Having refused an offer of marriage from W. S. Gilbert in 1866, she married Rev. Pender Hodge Cudlip on 10 July 1867. they had six children. Rev. Cudlip was a High Church clergyman and amateur theological author. The two lived in Devon for much of their married lives.
However, in 1873, she and her husband moved for eight years to Paddington, London, where she was involved in animal rights groups and wrote of animal cruelty in London during the period. Her favourite Stella setter contracted hydrophobia and eventually had to be destroyed. A large greyhound, Cavac, had been her constant companion for ten years and was one of the many dogs killed in the infamous London dog poisonings in 1876. She had included him as a character in her 1867 novel Called to Account. Two of her elder sons died in March of that year and another in February 1879. Of her three surviving children, one married Major William Price Drury, a Royal Marine, who wrote some nautical novels at the end of the 19th and earlier part of the 20th century.

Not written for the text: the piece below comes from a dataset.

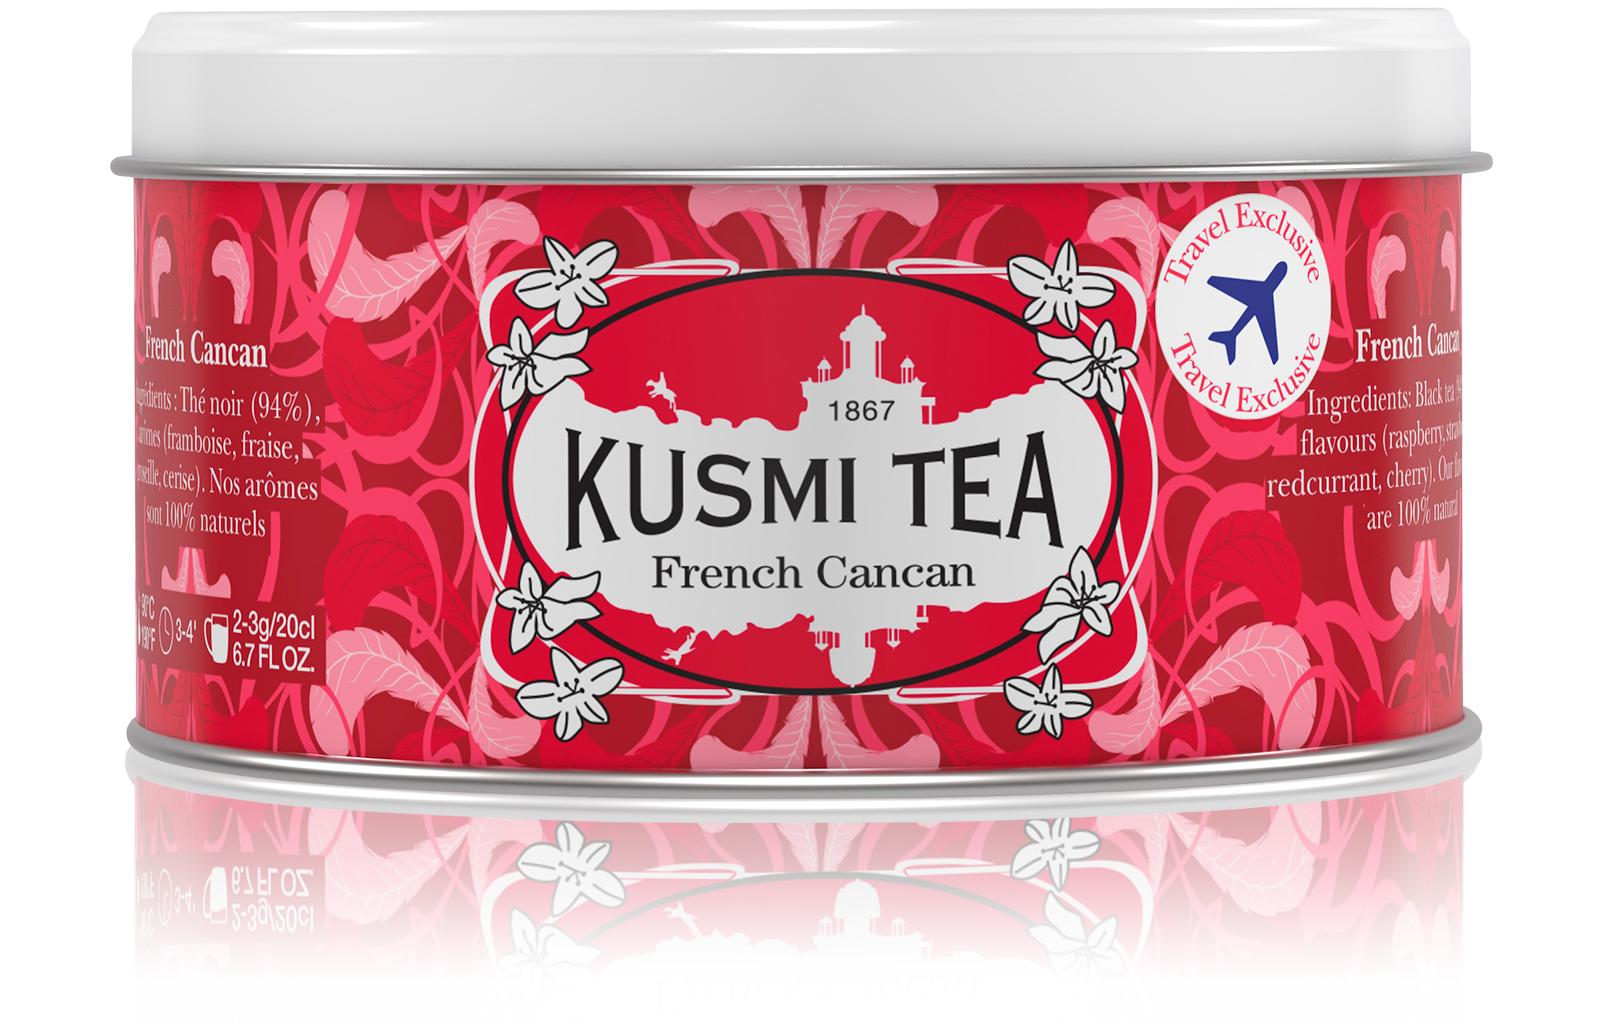 KUSMI TEA French Cancan - Thé noir, fruits rouges - Boîte de thé en vrac - Kusmi Tea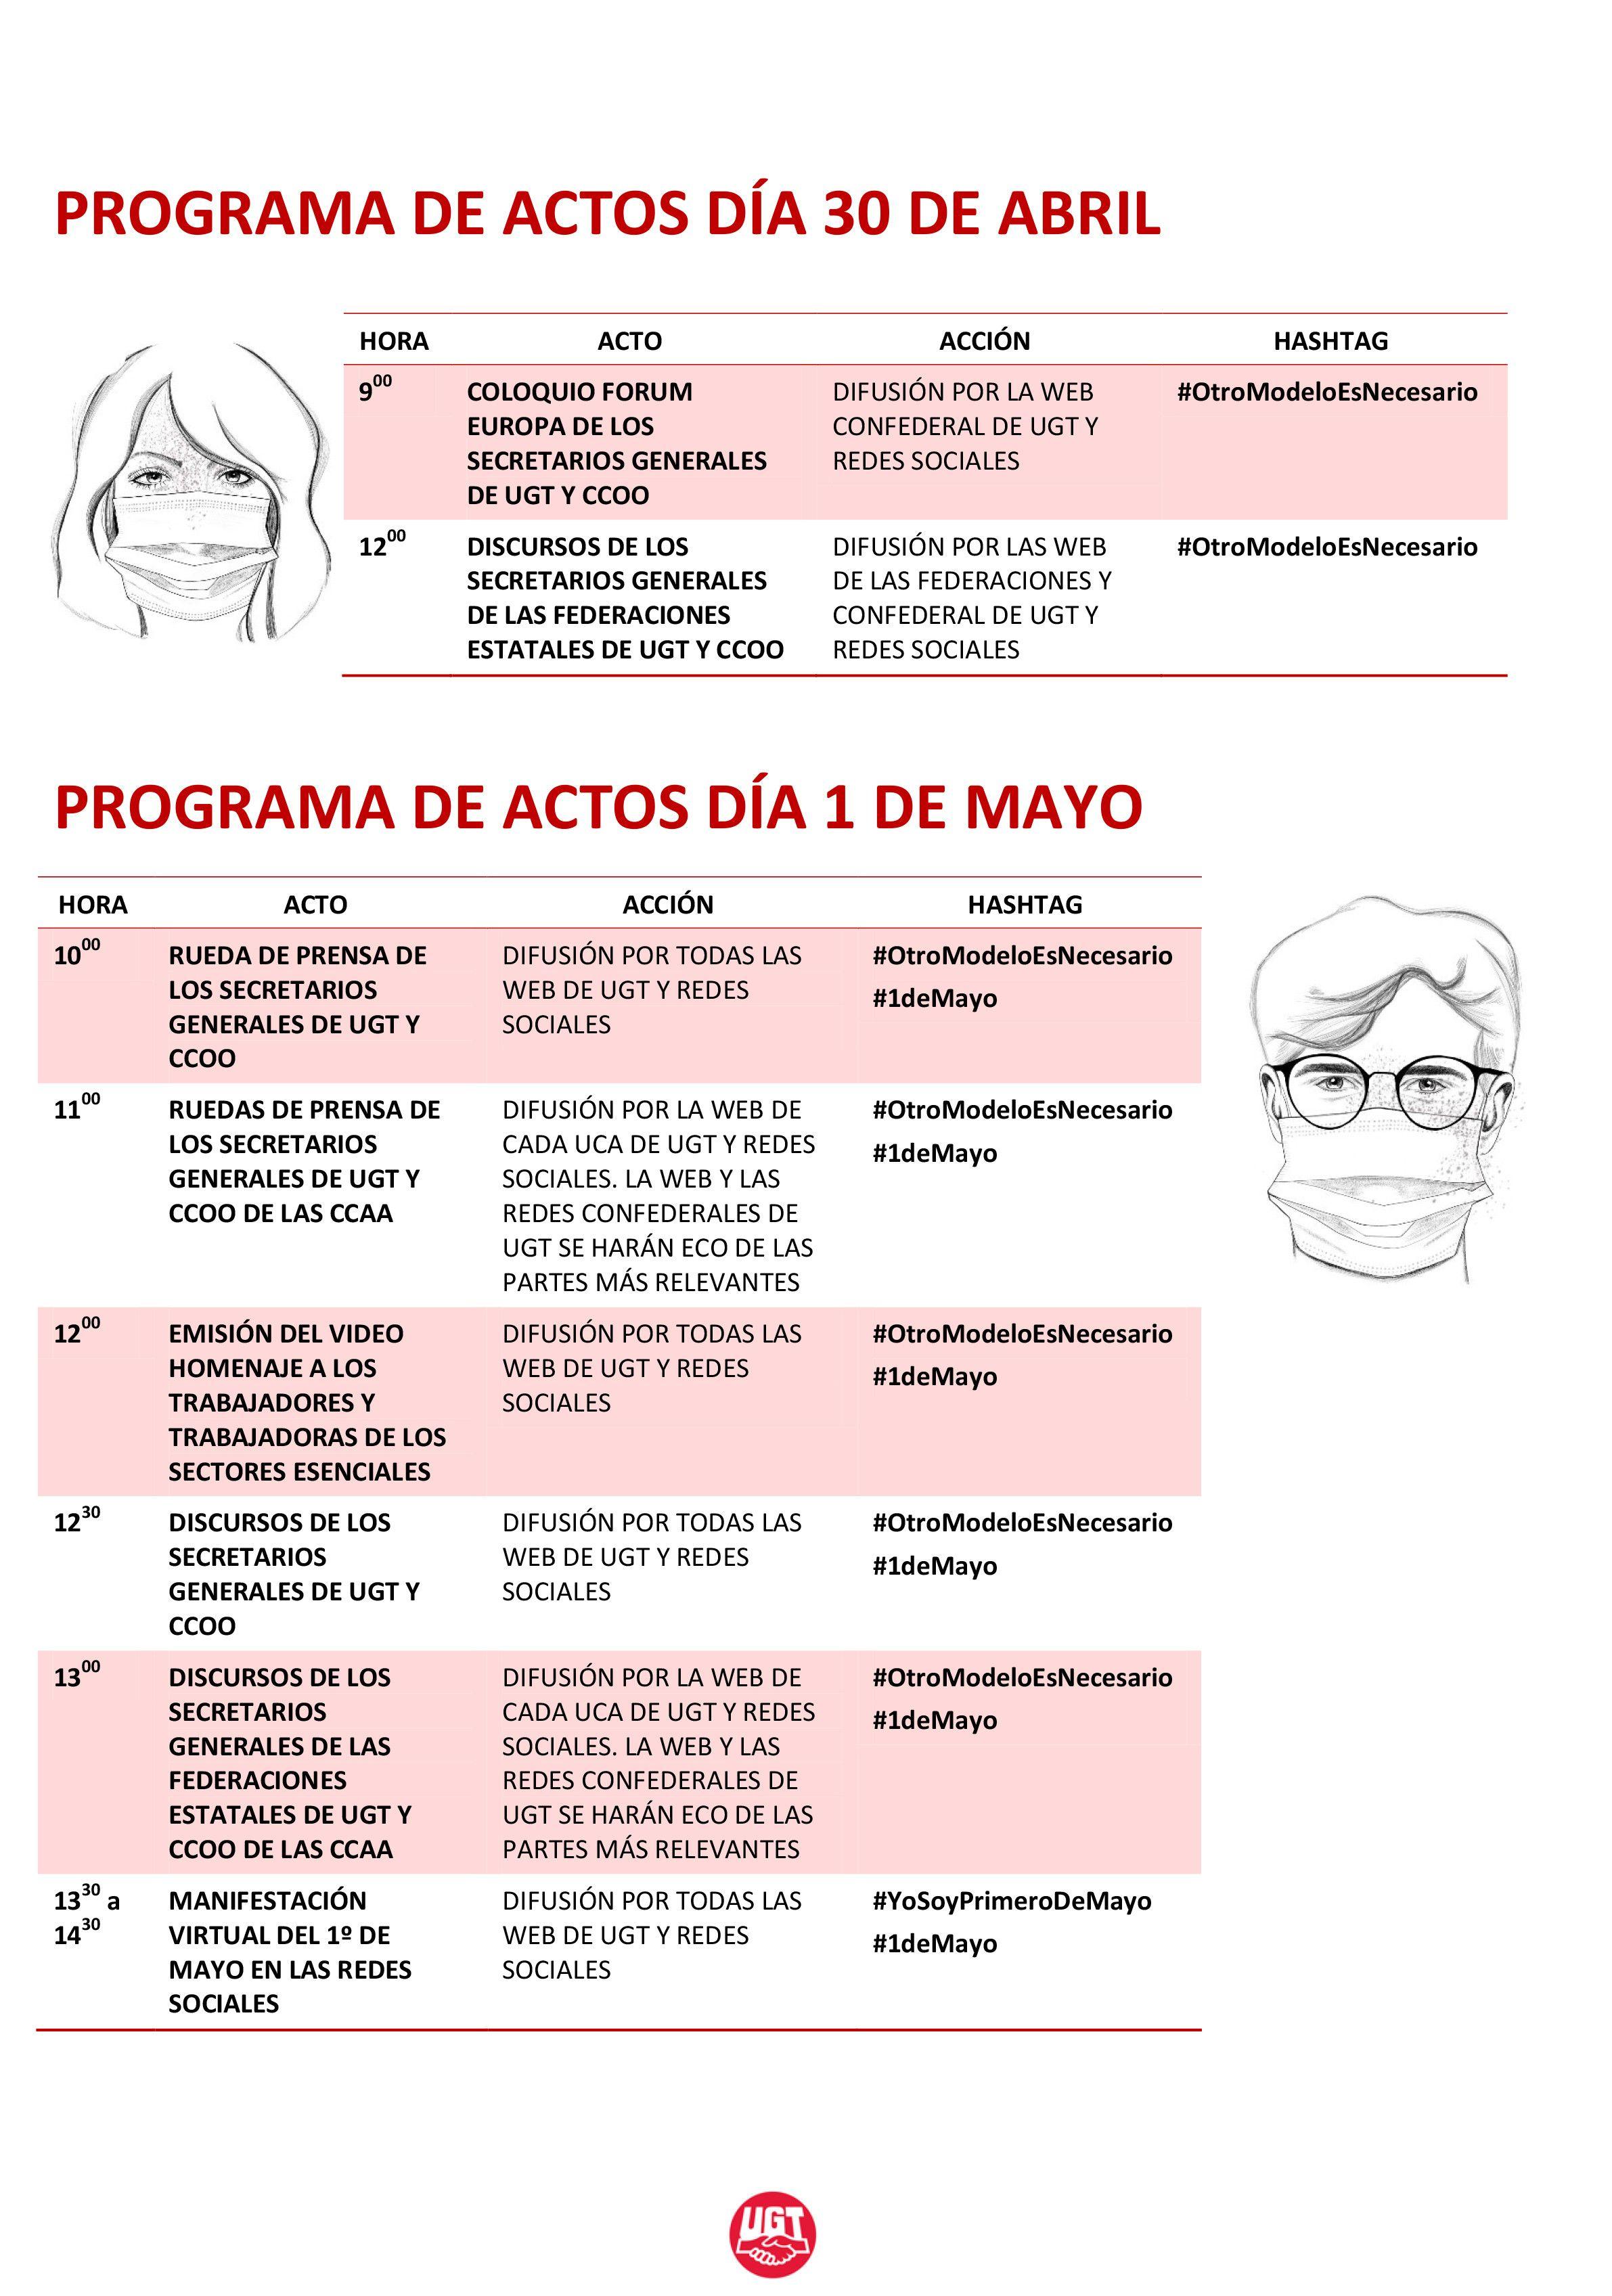 PROGRAMA ACTOS 1 DE MAYO 2

Cudlip was the editor of Ours: A Holiday Quarterly and a regular contributor to All the Year Round, Appleton's Journal, the Broadway, Frank Leslie's Popular Monthly and other magazines in Britain and the United States, between 1876 and 1884. She also wrote serial novels for The Ladies' Pictorial and a group of other provincial journals. She and her husband returned to Devon in 1884, where Pender Cudlip would serve as Vicar of Sparkwell for 25 years. She continued writing single-volume novels for such publishers as Chatto & Windus around the start of the 20th century. However, she began experiencing financial problems within a few years and applied to the Royal Literary Fund in 1907 and 1908. In the latter year she claimed that the highest offer she had received for her latest novel was £15. Her husband died in 1911 and Annie Cudlip died seven years later on 24 November 1918.